Good for Charles M. Blow

By Steve Sailer

01/15/2011

New York Times columnist Charles M. Blow deserves congratulations.

Tucson Witch Hunt

Immediately after the news broke, the air became thick with conjecture, speculation and innuendo. There was a giddy, almost punch-drunk excitement on the left. The prophecy had been fulfilled: "words have consequences." And now, the right’s rhetorical chickens had finally come home to roost.

The dots were too close and the temptation to connect them too strong. The target was a Democratic congresswoman. There was the map of her district in the cross hairs. There were her own prescient worries about overheated rhetoric.

Within hours of the shooting, there was a full-fledged witch hunt to link the shooter to the right.

"I saw Goody Proctor with the devil! Oh, I mean Jared Lee Loughner! Yes him. With the devil!"
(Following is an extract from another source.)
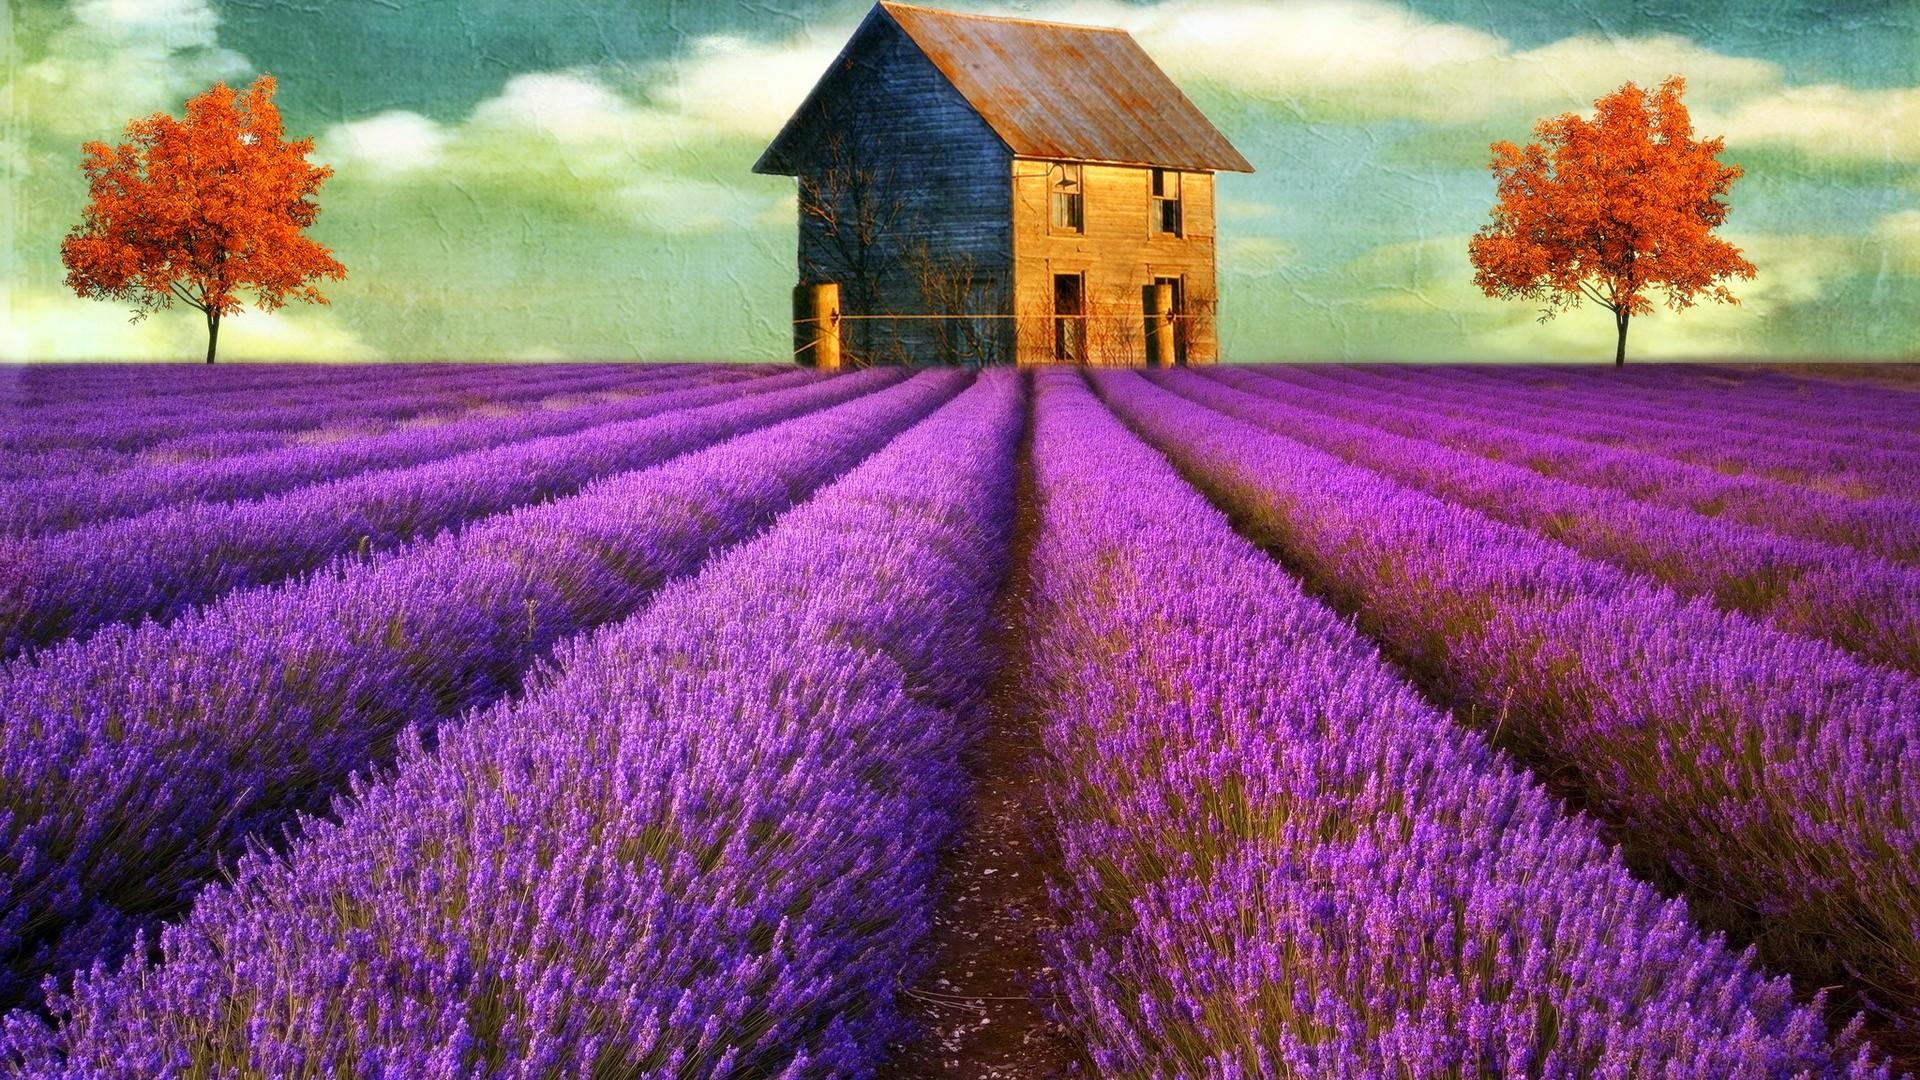 Lavender Flowers Desktop Wallpaper   Wallpaper High Definition High 1920x1080
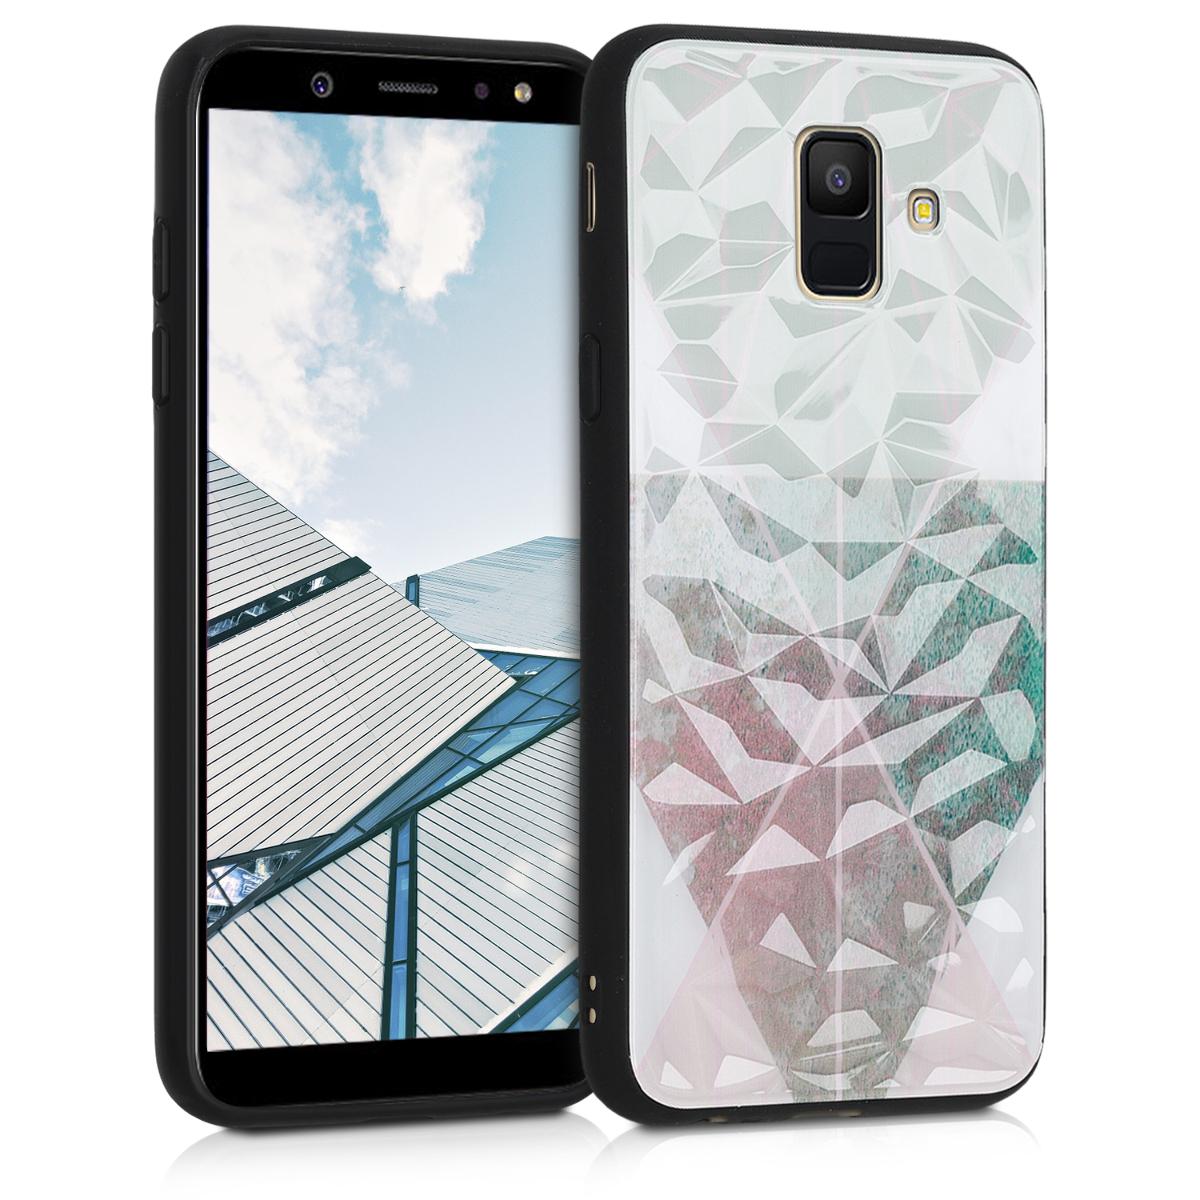 Kvalitní plastové pouzdro pro Samsung A6 (2018) - 3D Triangle Mozaika Beige / starorůžové rosegold / bílé

As I've said before, conjecture, speculation, and innuendo in the immediate hours following an unexpected event are to be expected. The national press has obvious regional and race prejudices that boil to the surface when there are few facts at hand. Demonizing white Arizonans has been a major theme of the mainstream media since the spring of 2010, so it was inevitable that they would seize upon this seeming opportunity to reinforce the narrative.

What was truly dismaying was the doubling down on the original stereotyping once plenty of disconfirming evidence was available by later on on Saturday.

The only problem is that there was no evidence then, and even now, that overheated rhetoric from the right had anything to do with the shooting. …

Great. So the left overreacts and overreaches and it only accomplishes two things: fostering sympathy for its opponents and nurturing a false equivalence within the body politic. Well done, Democrats.

Now we've settled into the by-any-means-necessary argument: anything that gets us to focus on the rhetoric and tamp it down is a good thing. But a wrong in the service of righteousness is no less wrong, no less corrosive, no less a menace to the very righteousness it’s meant to support.

You can’t claim the higher ground in a pit of quicksand.

In theory, no. In reality, you can often get away with a lot just by shouting angrily enough about how angry the other guys are.